美容部員は、百貨店の化粧品売り場やドラッグストアなどで、さまざまな化粧品の販売をする仕事です。
来店したお客さまの肌や髪に関する悩みのカウンセリングを行いながら、その方に適した商品をお薦めし、できるだけ多くの商品を販売することを役目とします。
なるために特別な学歴や資格は必要とされませんが、美容部員のカウンセリング能力やメイクのテクニックが売り上げを決めるうえでの大きな要因となるため、ヘアメイクの専門学校を卒業してこの仕事に就く人もいます。
給料は正社員だと月給20万円前後、アルバイトは時給800円〜1200円程度が相場となっています。
ドラッグストアや雑貨店など化粧品を扱う店舗の種類が増えており、美容部員の活躍の場も広がっていますが、正社員としての求人は決して多くないため、雇用の安定性や自身のライフプランをよく考えて就職先を探す必要があるでしょう。
「美容部員」の仕事紹介
美容部員の仕事内容
お客さまの悩みやニーズに合わせた化粧品を販売する
美容部員は、ファンデーションやアイシャドウ、シャンプー、マニキュアなど、さまざまな化粧品の販売をする仕事です。
「ビューティアドバイザー(BA)」と呼ばれることもあります。
お客さまの肌の悩みや好みを聞き出すために「カウンセリング」をし、その方のファッションや髪型などに合わせ、季節感や流行を取り入れながら最適な化粧品をチョイスします。

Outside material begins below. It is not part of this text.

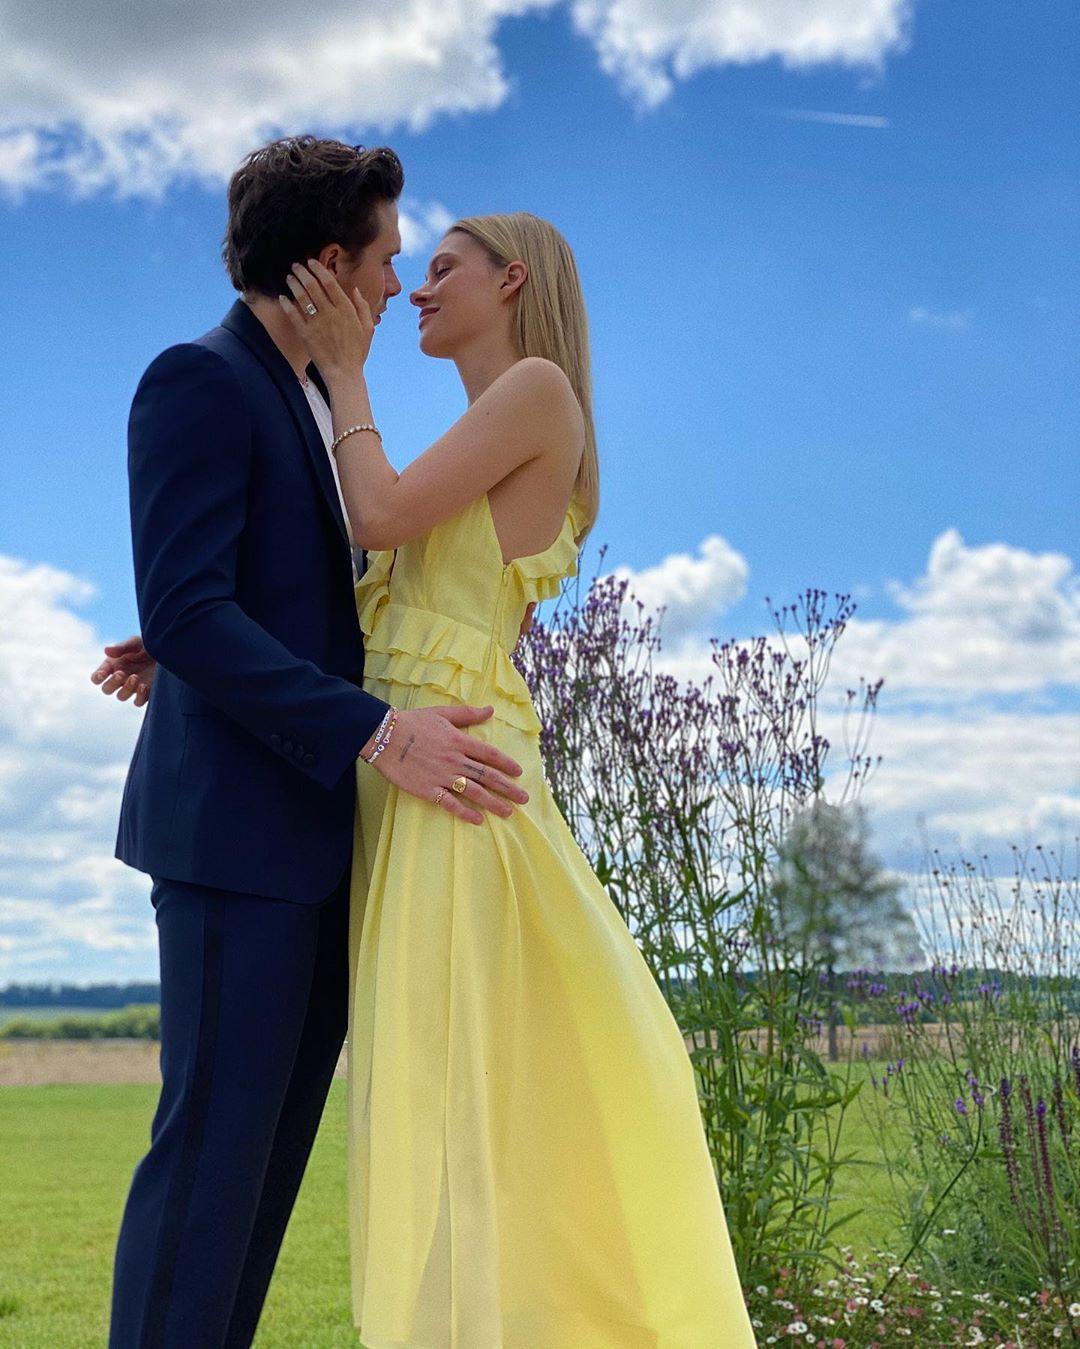 Cặp đôi khoe nhẫn đính hôn trong bức hình được chụp bởi Harper Beckham - cô em út của Brooklyn.

接客以外に、商品の陳列や在庫確認、発注作業などさまざまな業務を担当しますが、来店したお客さまに化粧品をお勧めして買っていただき、店の売上アップに貢献することが美容部員の大きな役目です。
美容部員の就職先・活躍の場
化粧品を扱う百貨店や各種店舗で働く
美容部員のおもな活躍の場は、百貨店や駅ビルなどの化粧品売り場からドラッグストアまで多岐にわたります。
どのような職場でも、正社員や契約社員、アルバイト・パートなど、雇用されて働くのが一般的です。
就職後は社内研修を受けて接客技術やスキンケアやメイクの方法、商品知識などを身につけ、店頭に立つことになります。
この仕事では個々のスキルが売上に直結しやすいため、実力のある美容部員は重宝されるでしょう。
美容部員の1日
勤務先の営業時間に合わせて働く
美容部員の出勤時間は、一般的に百貨店や駅ビルなどの店舗の開業時間に合わせて10時から20時ごろです。
営業時間が長い職場では、「早番」「遅番」などのシフト制勤務となることも多く、複数のスタッフで交代勤務となることが多いです。
09:30 出社・店内清掃や商品の陳列状況などを確認
09:50 朝礼
10:00 店舗開店・接客開始・在庫チェックや商品の発注、ダイレクトメールの送信
14:00 昼食
15:00 午後の接客
20:00 店舗閉店・レジ締めや清掃などの閉店作業
美容部員になるには
ヘアメイクを専門的に学んでから就職する人も
「美容部員」になるために、決められた学校で学んだり何か免許や資格を取得する必要はありません。
化粧品に関する知識や、メイクのテクニック、接客ができるコミュニケーション能力があれば、誰でも美容部員になることが可能です。
しかし、実際には美容部員のメイクのテクニックは顧客数や売り上げに直結するほど重要なものなので、高いスキルが求められます。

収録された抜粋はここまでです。